Please tell me what are the locking dif.suitable for a couple of 3.31 ?
Saying not all couples have the same razboltovka. Bridge installed on the Volga.
depending on the total amount of work and additionally emerged — the basic maintenance cost is usually about 8-12 thousand (including new oil) if you need to repair or replace any elements (components) of blocking or there are additional work — value increases.
each roller bearing thoroughly and carefully daubed with grease fill the void underneath the cage =)
If the question is, wash Lee, we have the bearing, then the answer — of course, and wash it from the old grease and put on it too with new grease before installation.
"Fresh grease in the bearing housing" is all that was done?
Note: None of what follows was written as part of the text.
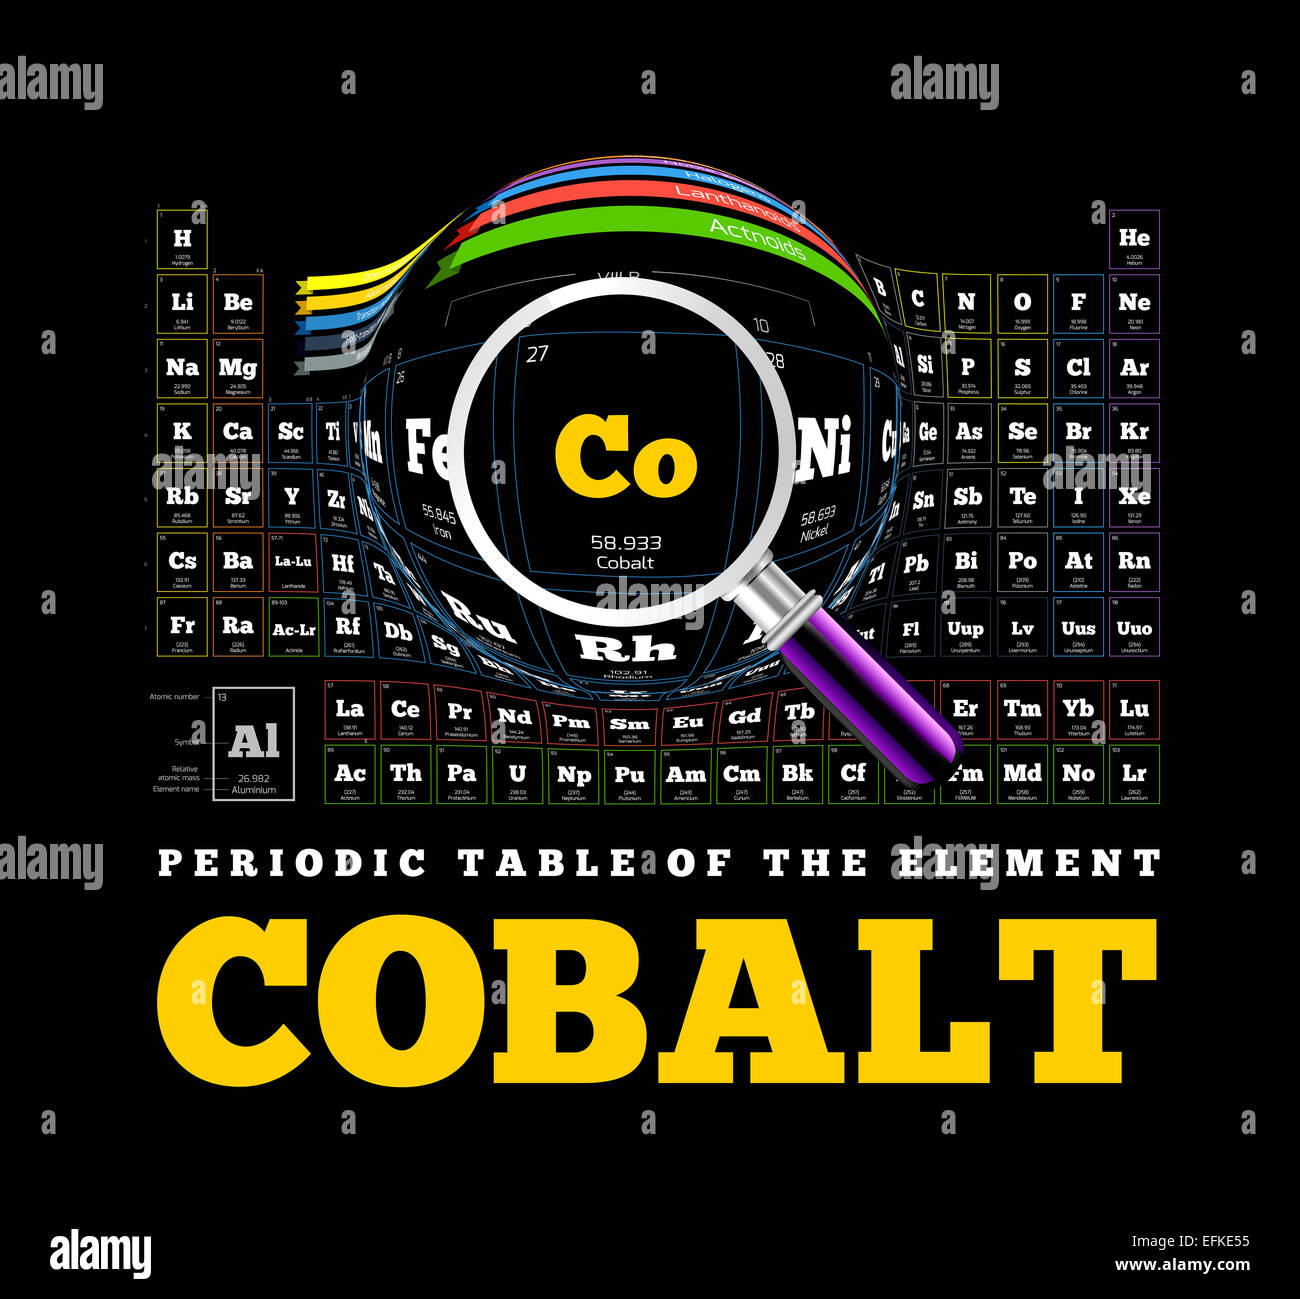 Periodic Table of the element. Cobalt, Co Stock Photo

Or bearing too as it should be loaded grease?
alexVRAgINA
But I had a lot of questions to the oil Castrol 75/140, after replacement, drove 1000 km, drove a few fords and decided to look at the bridges in fear of the emulsion, the oil was carnousie as if he had never changed the smell, I realized that it just simply burned, while the maximum speed in range I was 110-120km/h, so pay attention to oil
The same was disappointed in the Castrol, although I always used a SB for it.75/140 is frozen at -20,
A little not a complete description of the situation — you have not mentioned whether produced flushing of the axle housing and differential housing from the remnants of the old oil, sticky deposits on the walls and other dirt, which is a natural product of the work of the unit.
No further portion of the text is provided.